COLLECTED MATERIAL:
+-------+

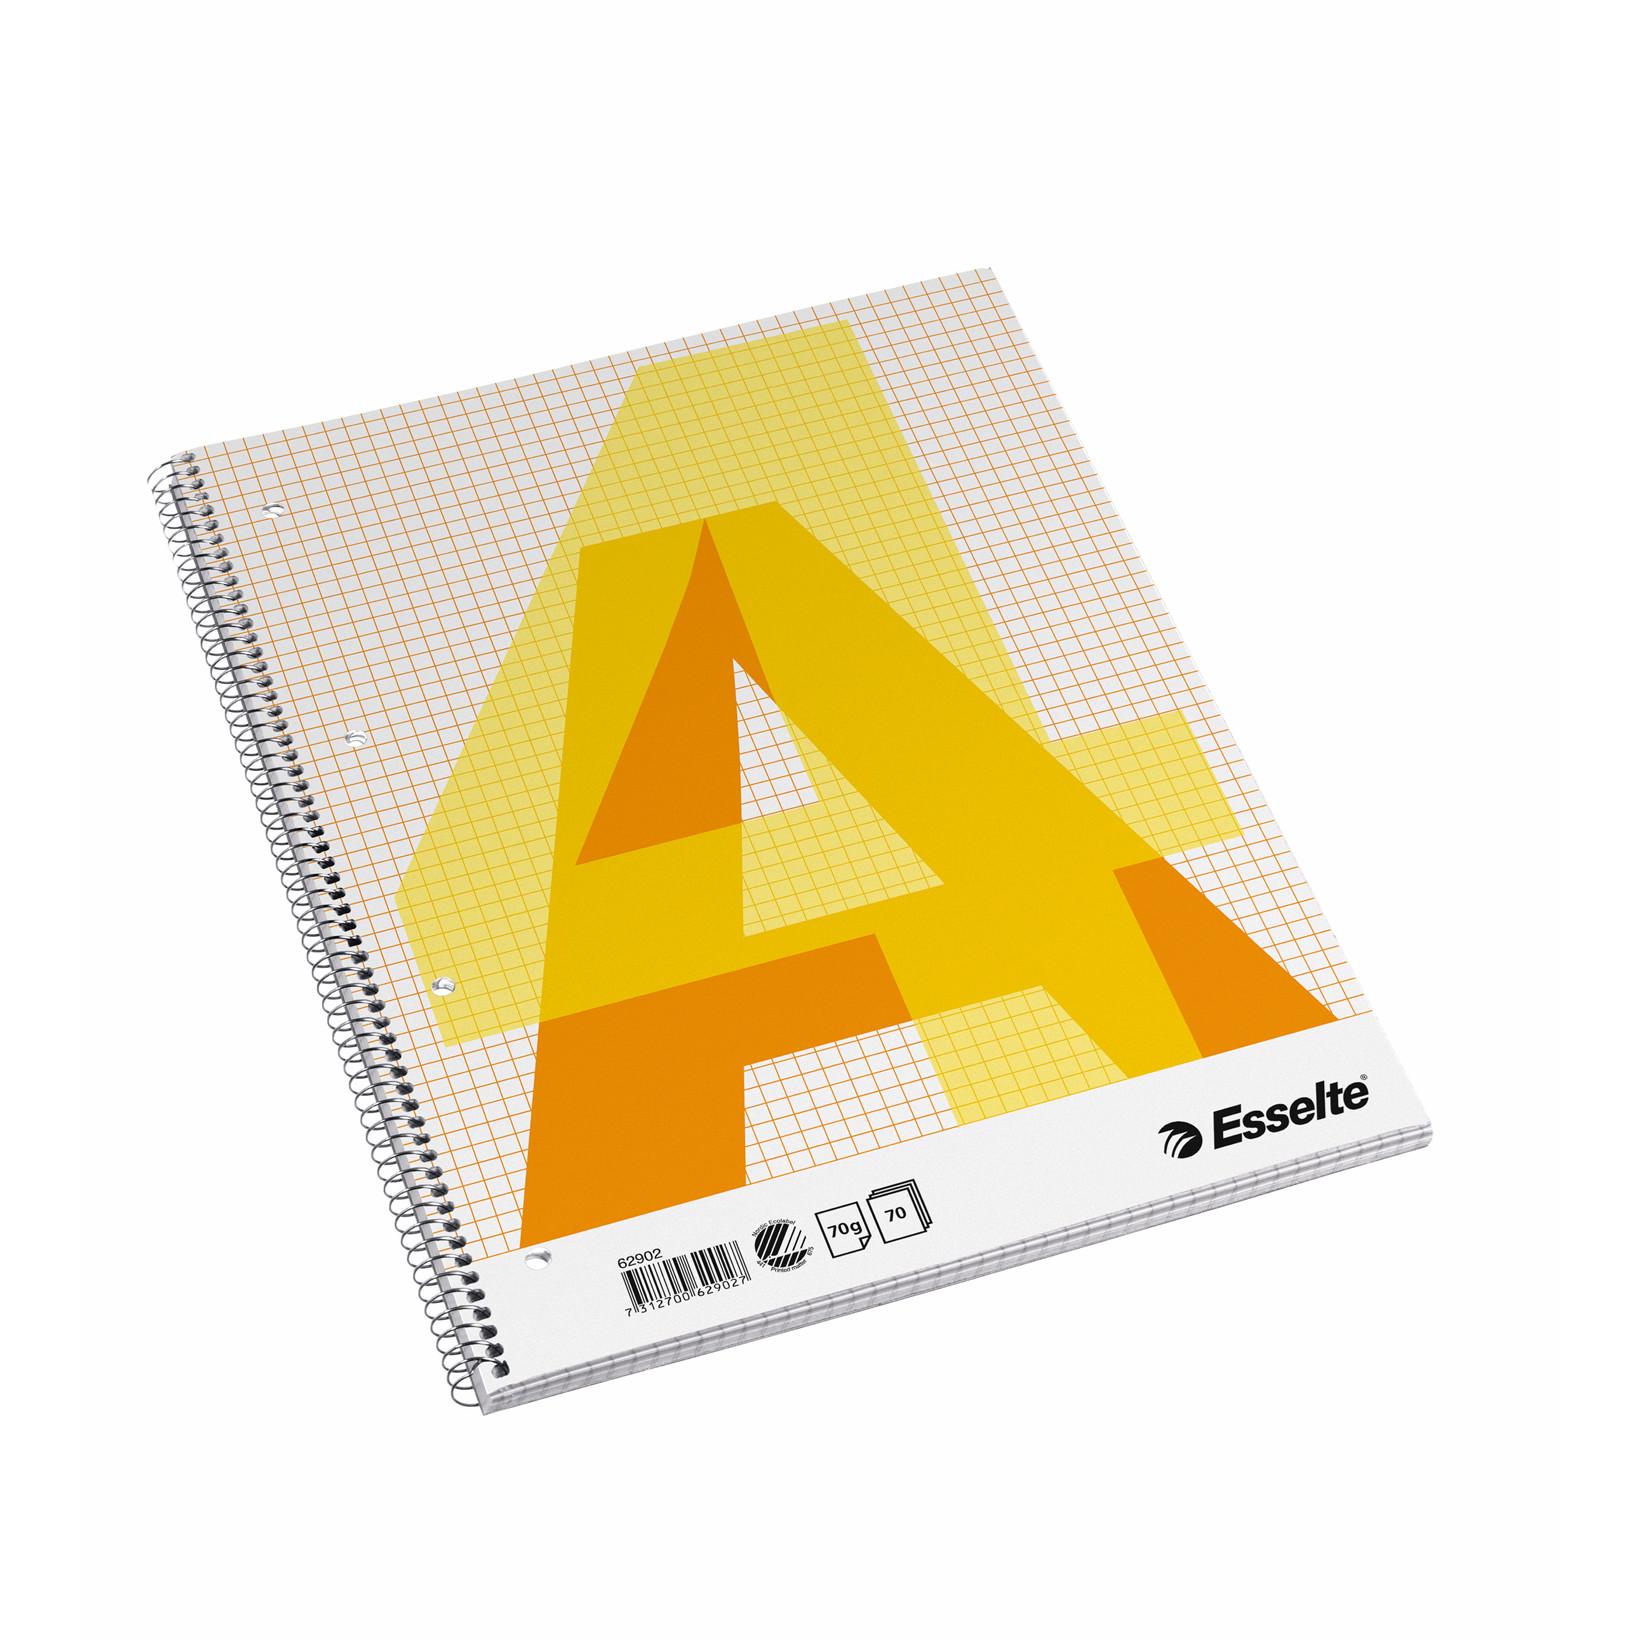 Kollegieblok Esselte A4 kvadreret med spiralryg - 70 sider
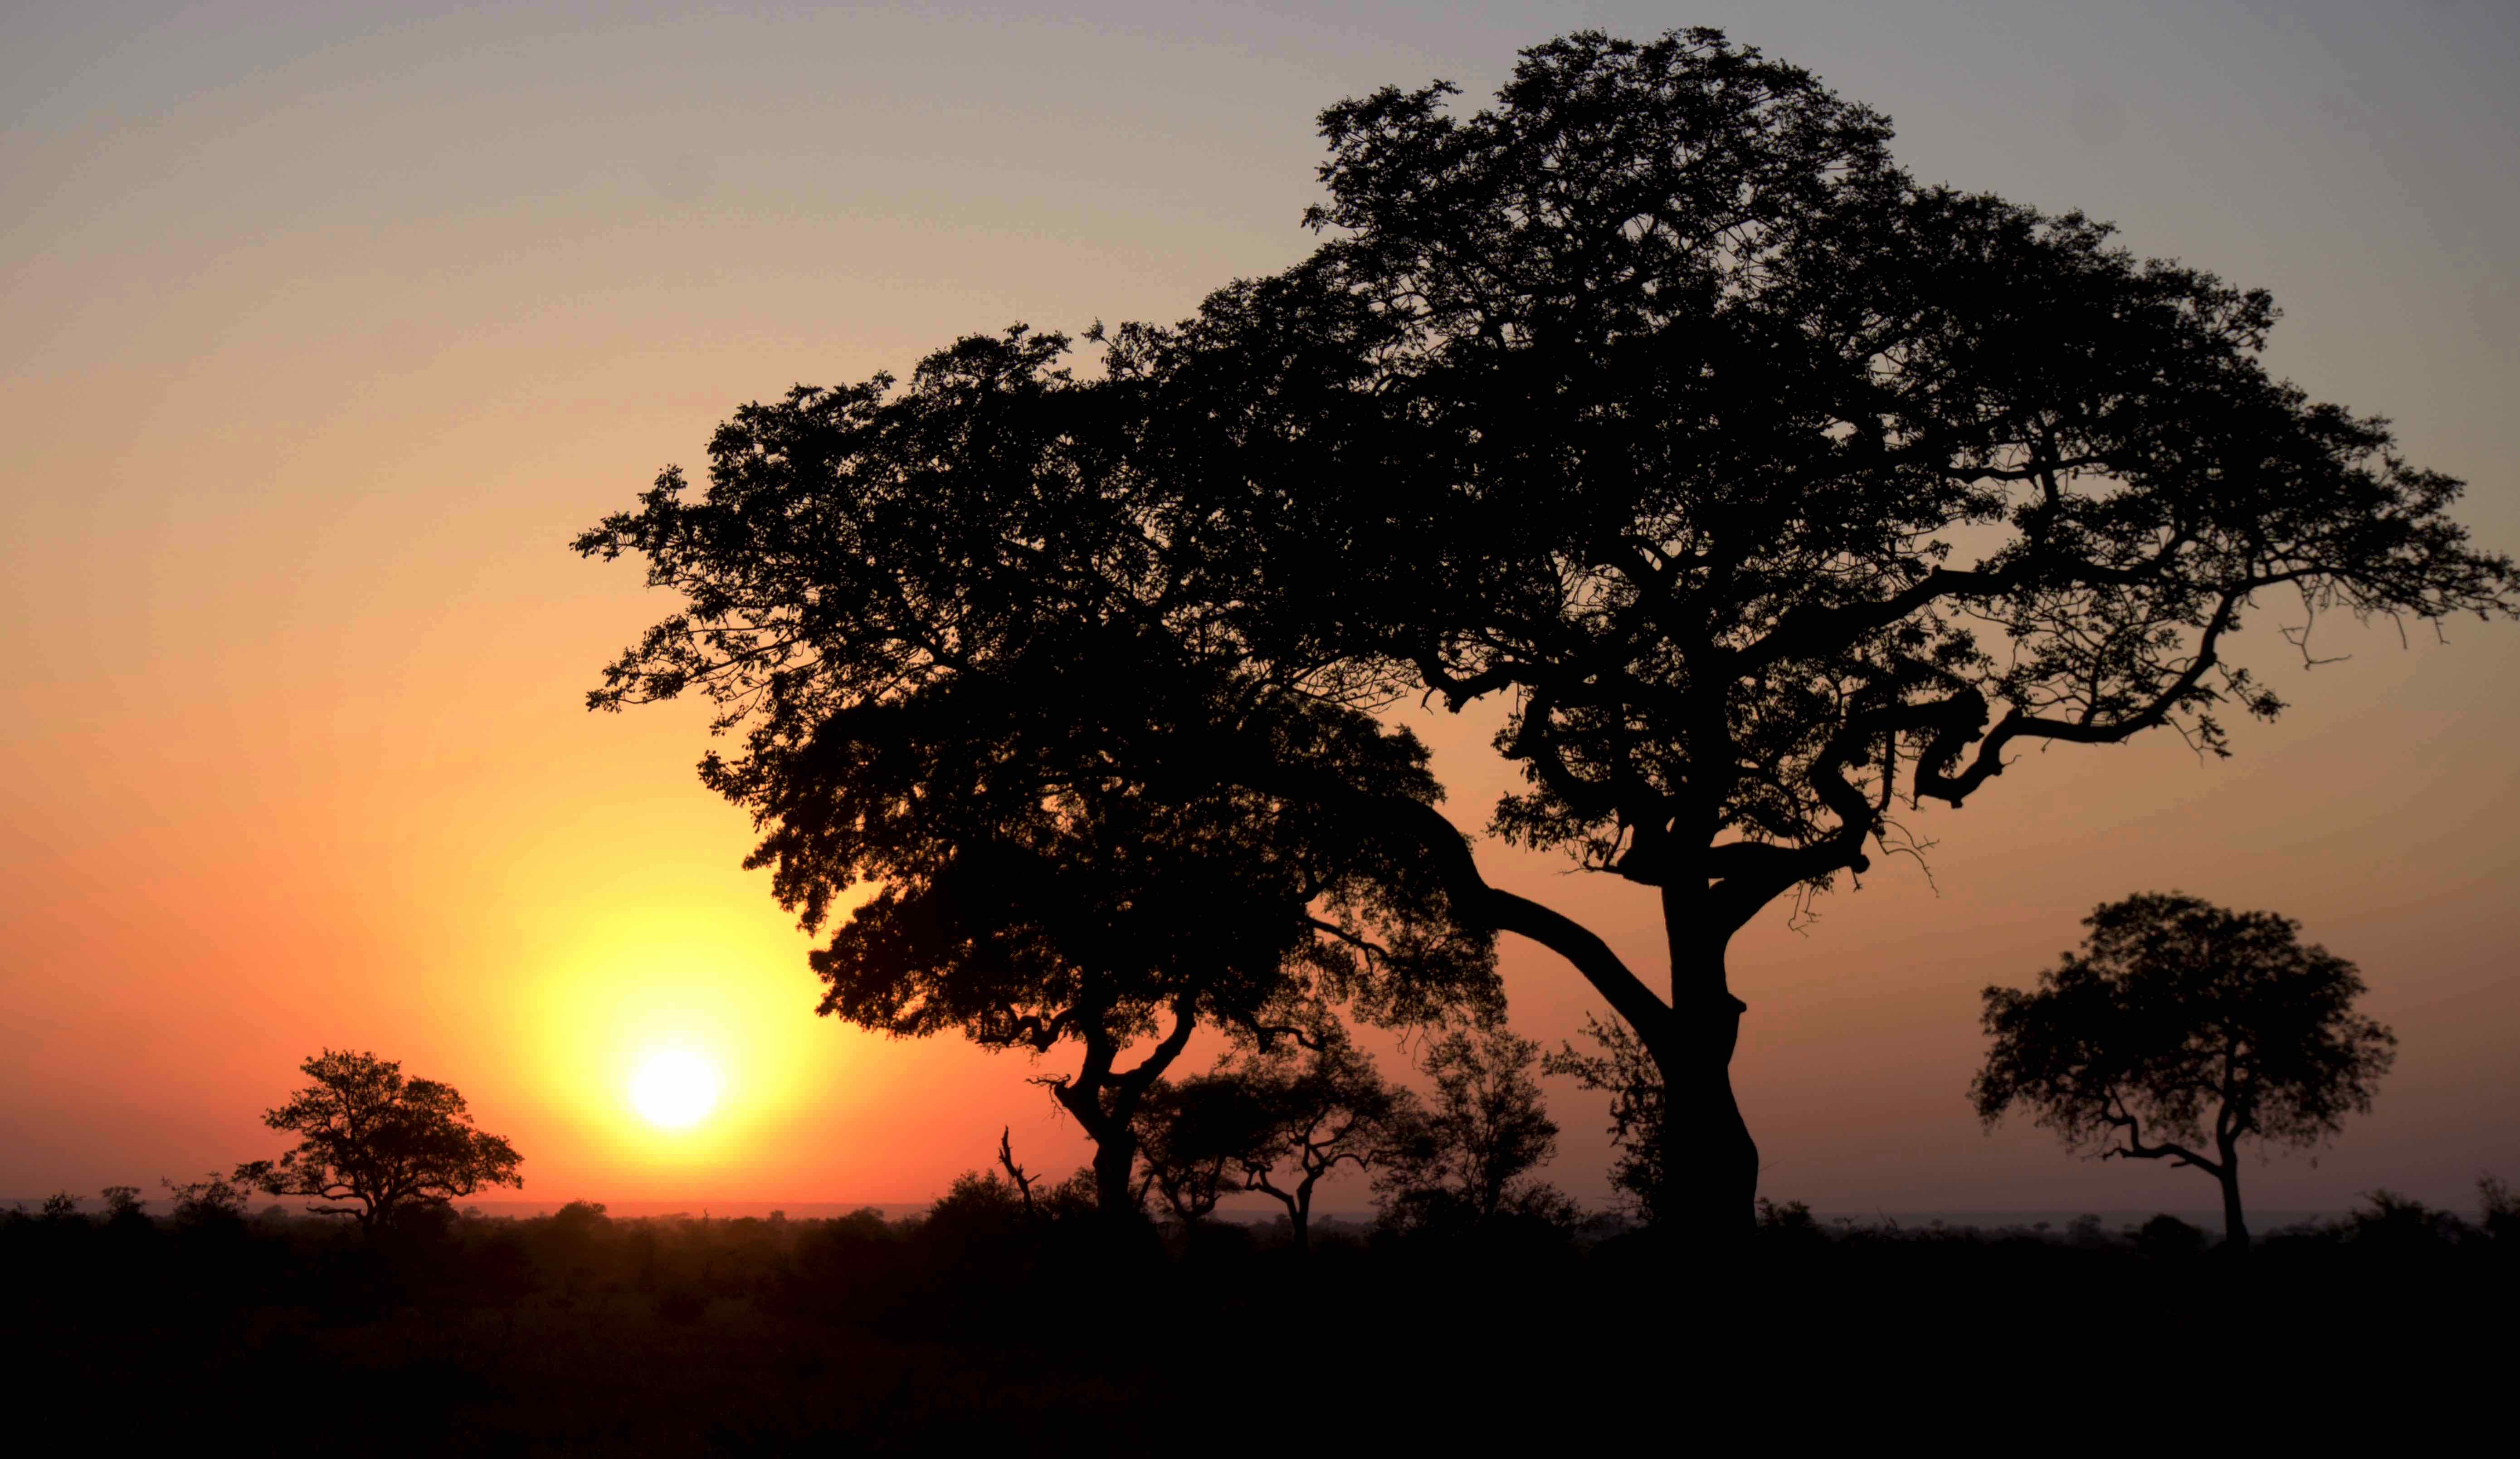 Itinerario SUDAFRICA fai da te: 1 PARTE
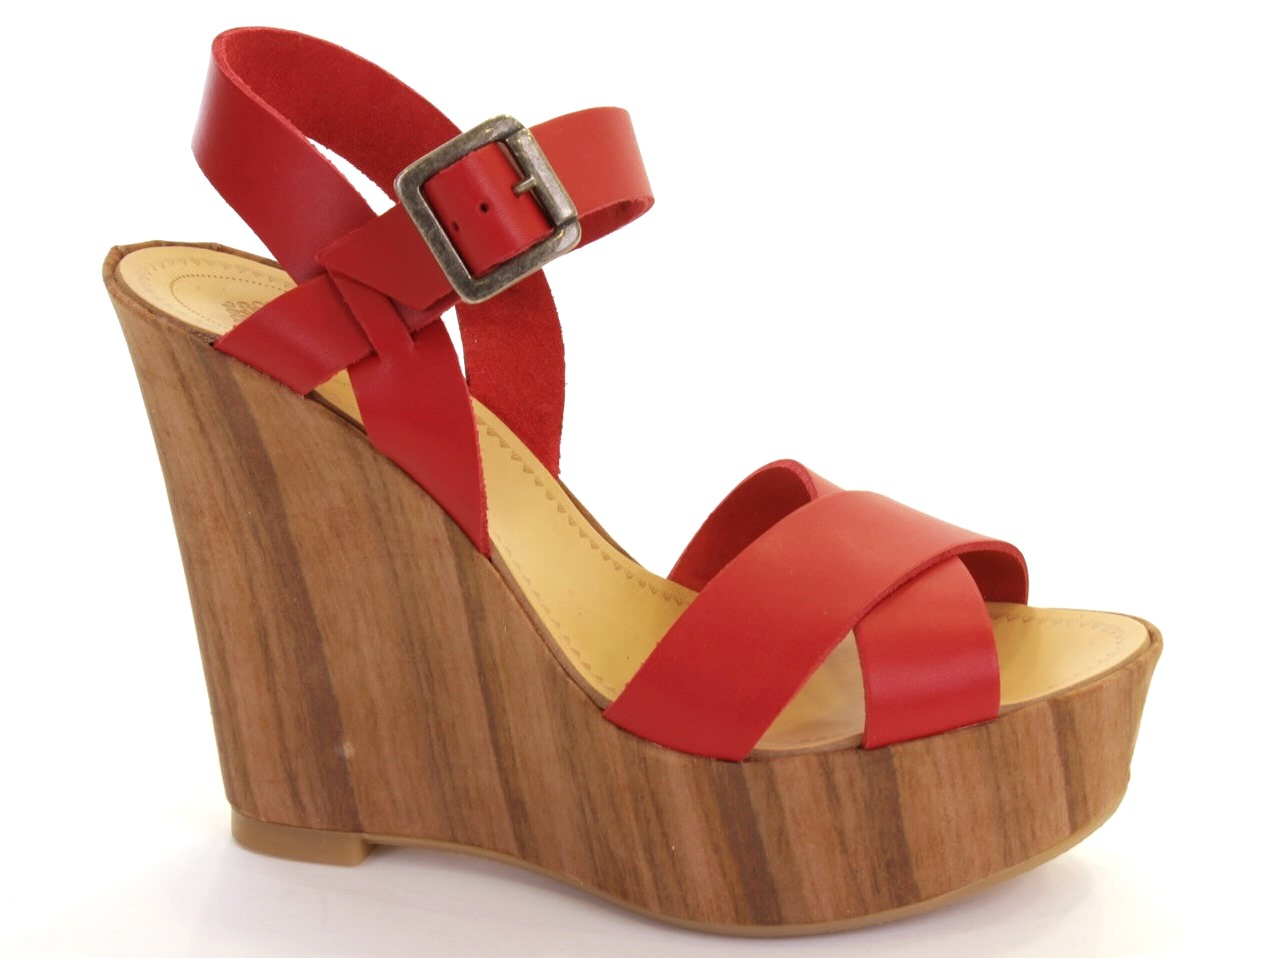 Wedge Sandals Fornarina - 642 8943

+-------+

ACTIVITY: The data above must be copied exactly. Leave out the pictures.

ANSWER TO THIS EXERCISE:
 Kollegieblok Esselte A4 kvadreret med spiralryg - 70 sider
 Itinerario SUDAFRICA fai da te: 1 PARTE
 Wedge Sandals Fornarina - 642 8943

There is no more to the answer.